_PROBLEM TO WORK ON_. Every line below should be copied exactly; drop the pictures.
--- STORED DATA ---
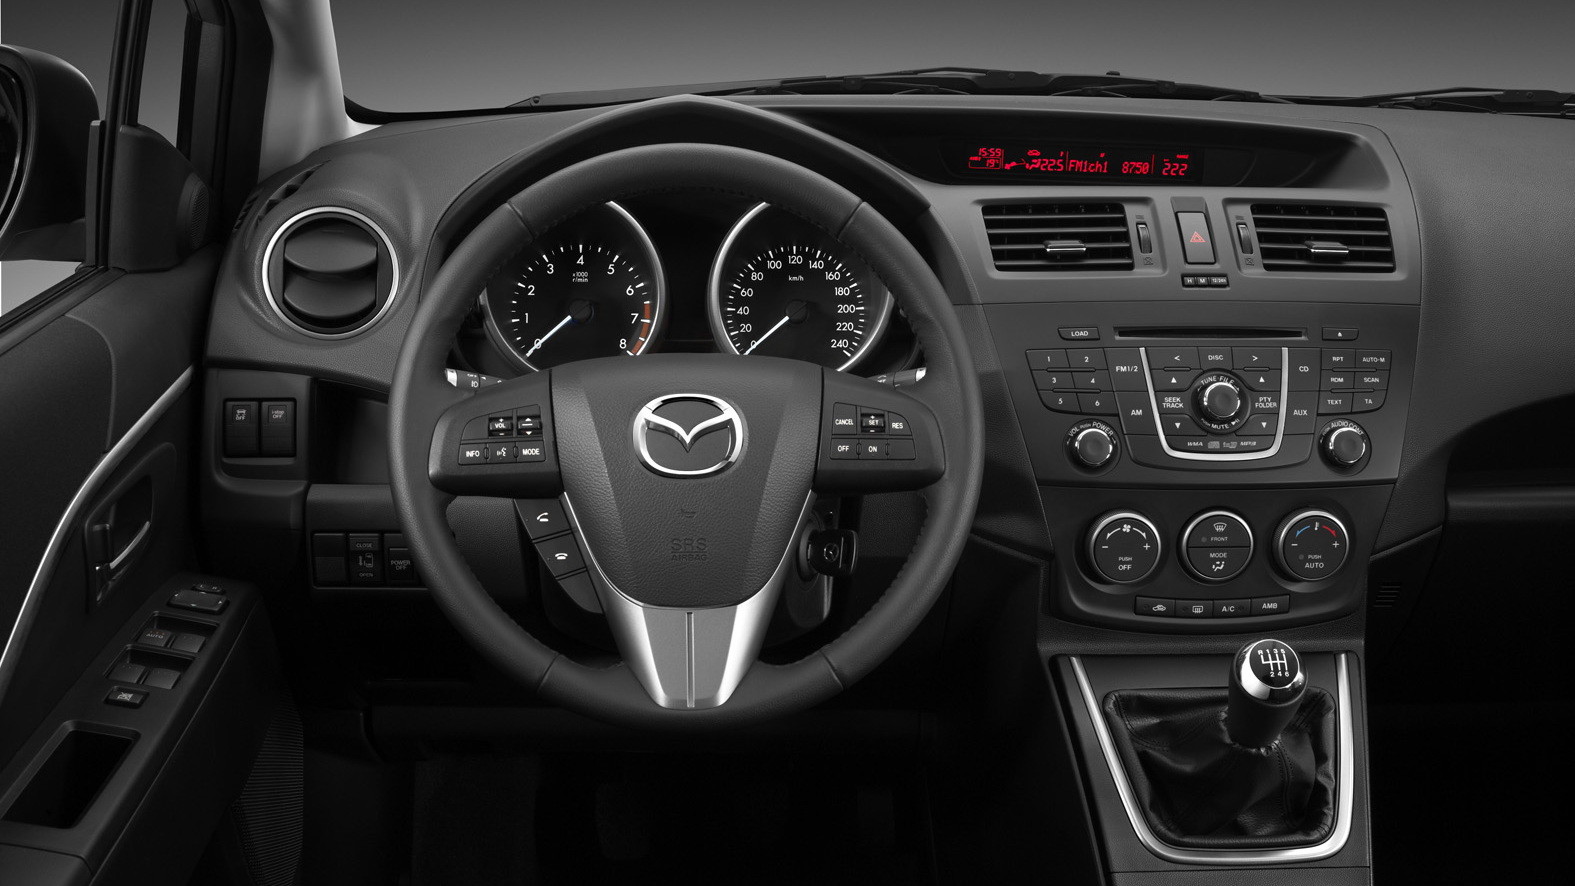 New 2011 Mazda Mazda5 minivan, to be unveiled at Geneva Motor Show, March 2010
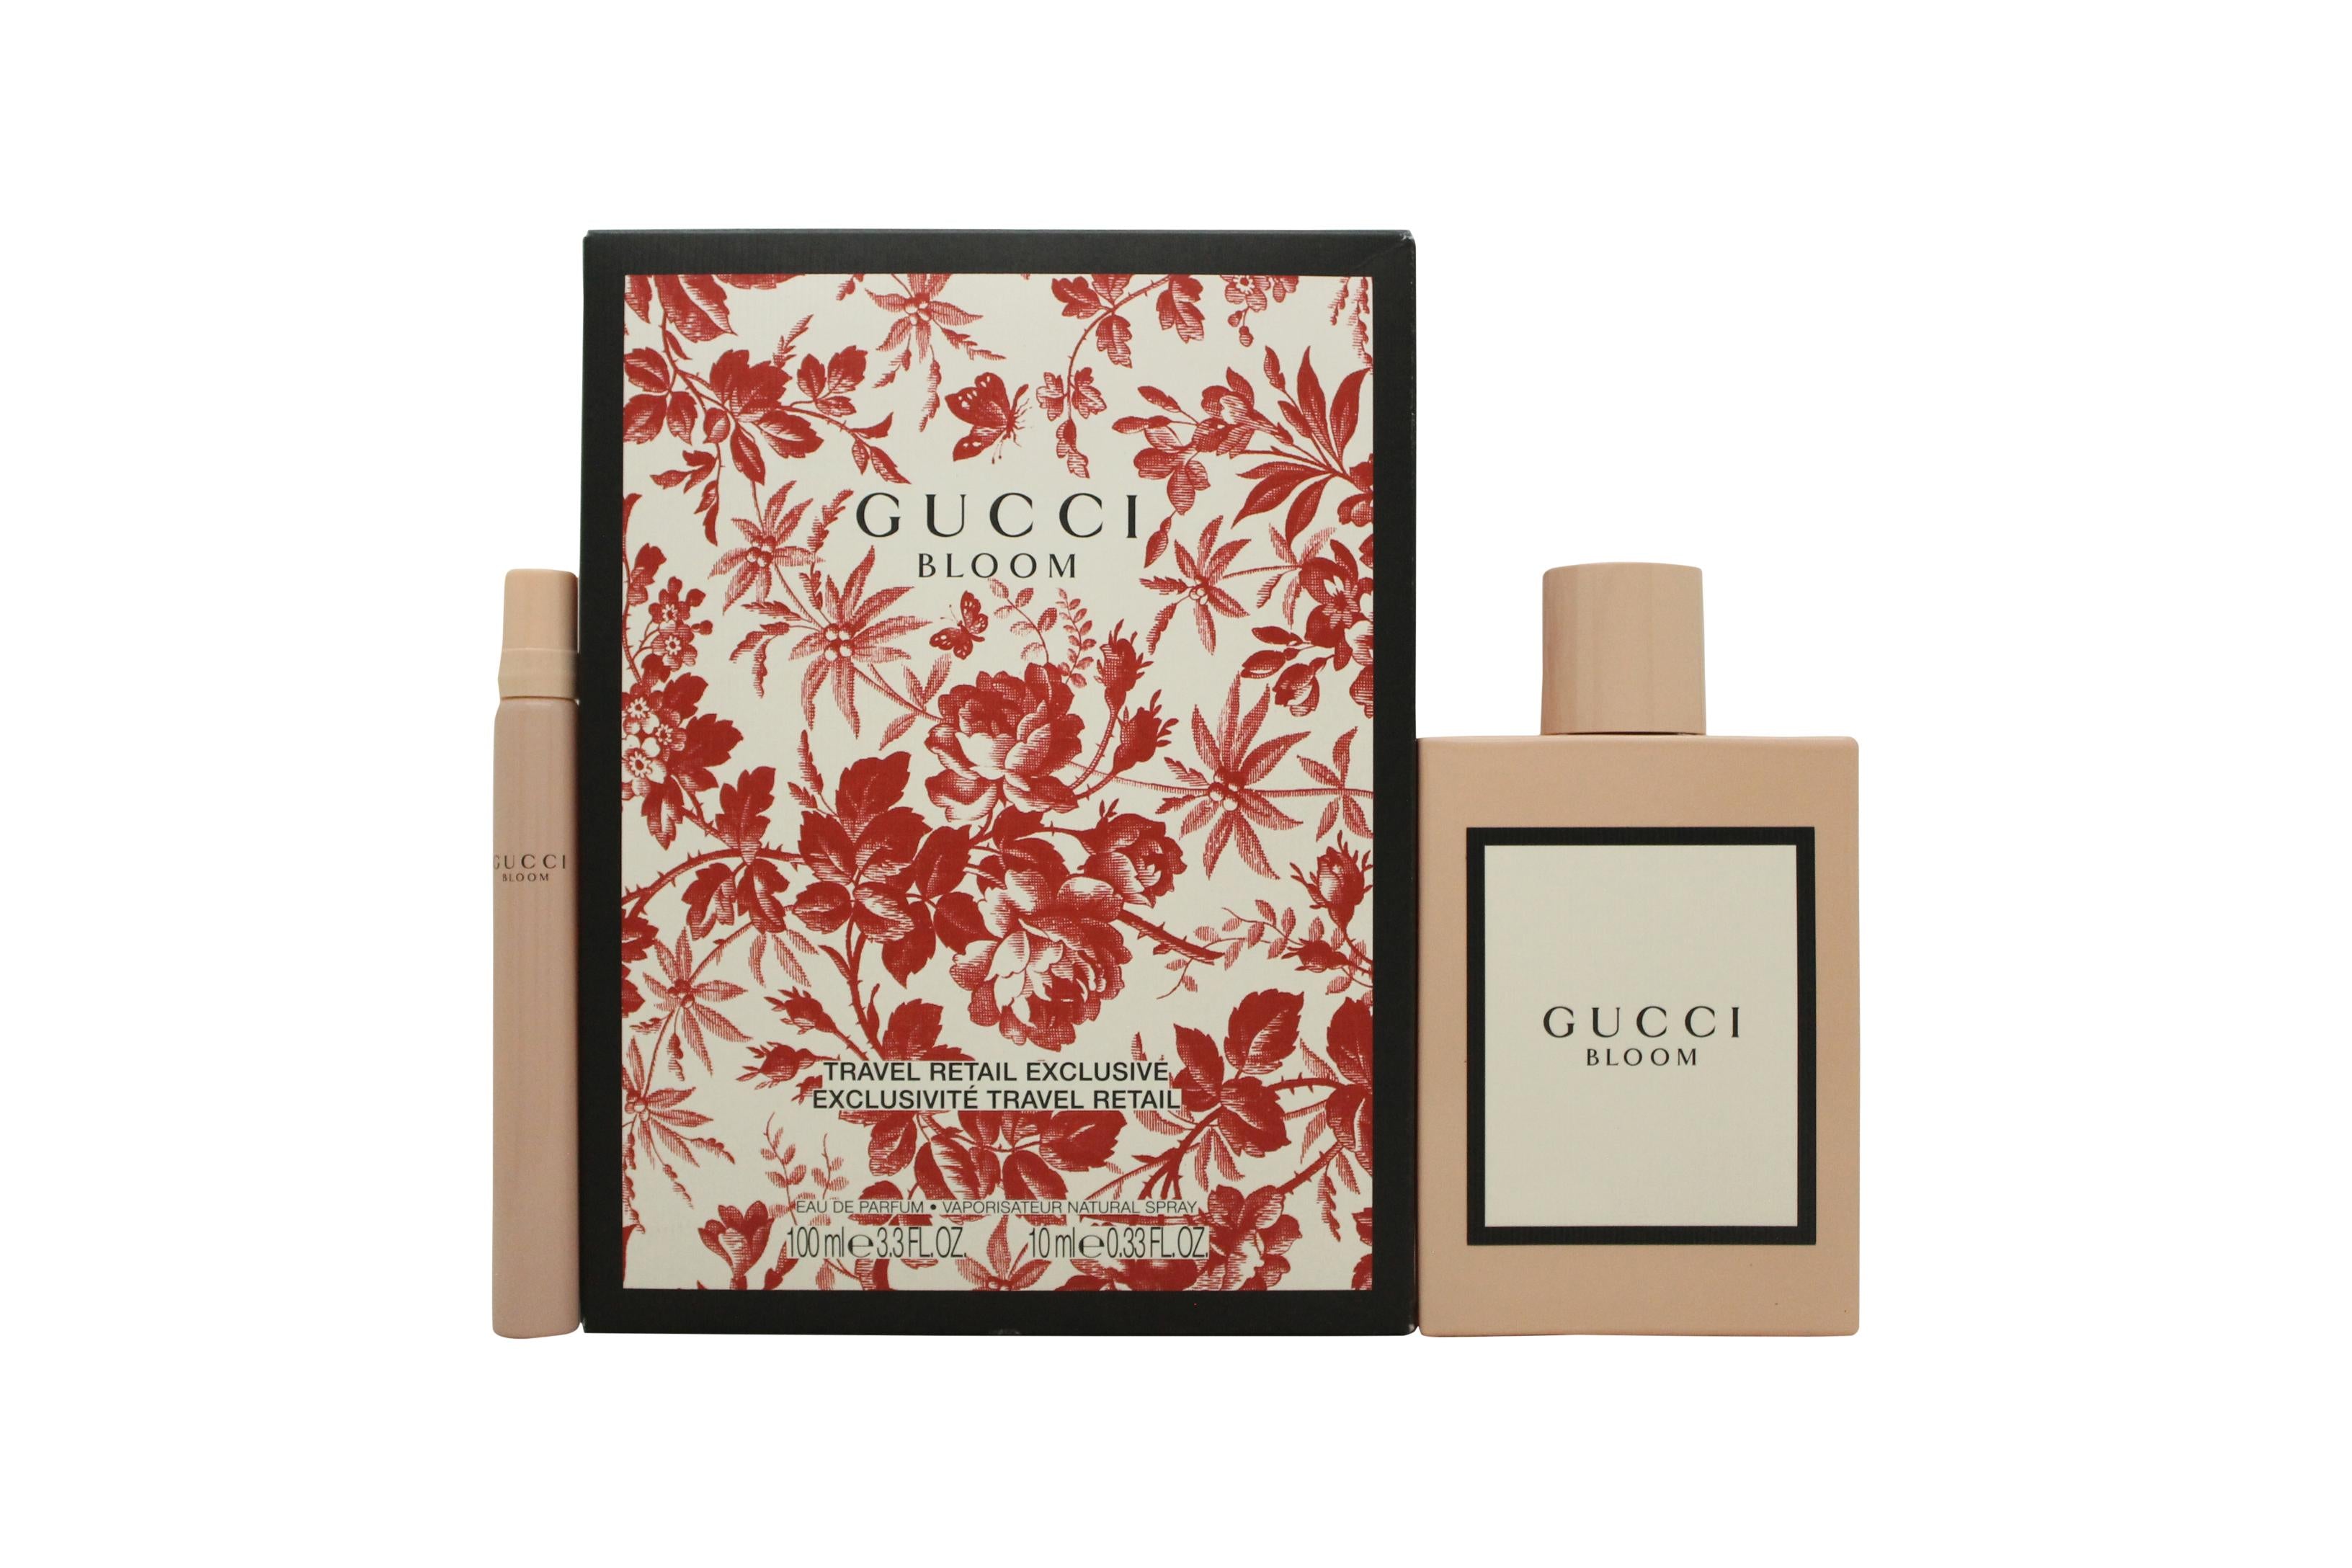 View Gucci Bloom Gift Set 100ml EDP 10ml EDP information
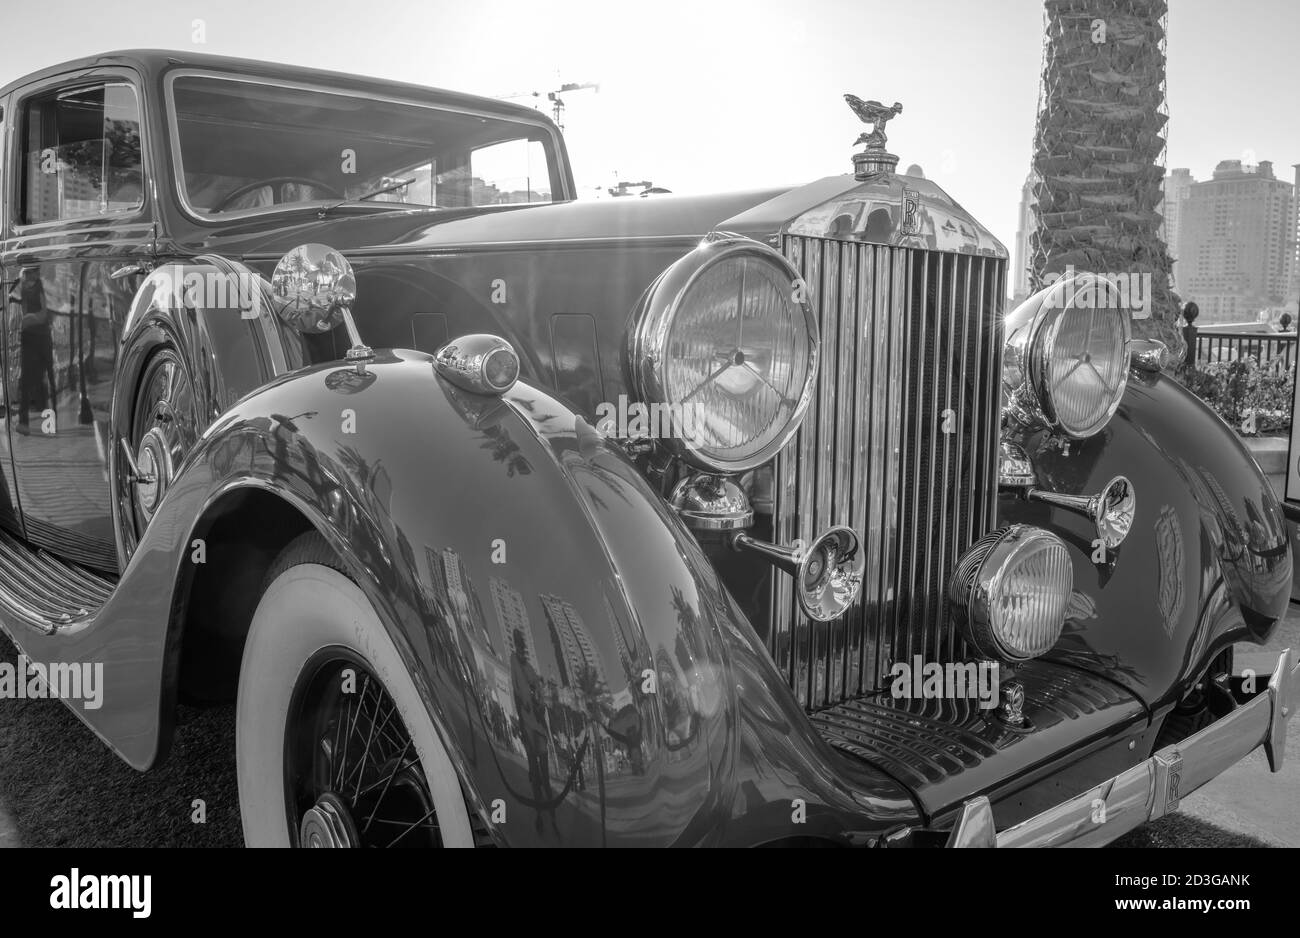 Doha,Qatar- 30 March 2020: 1936 Rolls royce phantom iii classic car Stock Photo
---
_WRITTEN REPLY_.
 New 2011 Mazda Mazda5 minivan, to be unveiled at Geneva Motor Show, March 2010
 View Gucci Bloom Gift Set 100ml EDP 10ml EDP information
 Doha,Qatar- 30 March 2020: 1936 Rolls royce phantom iii classic car Stock Photo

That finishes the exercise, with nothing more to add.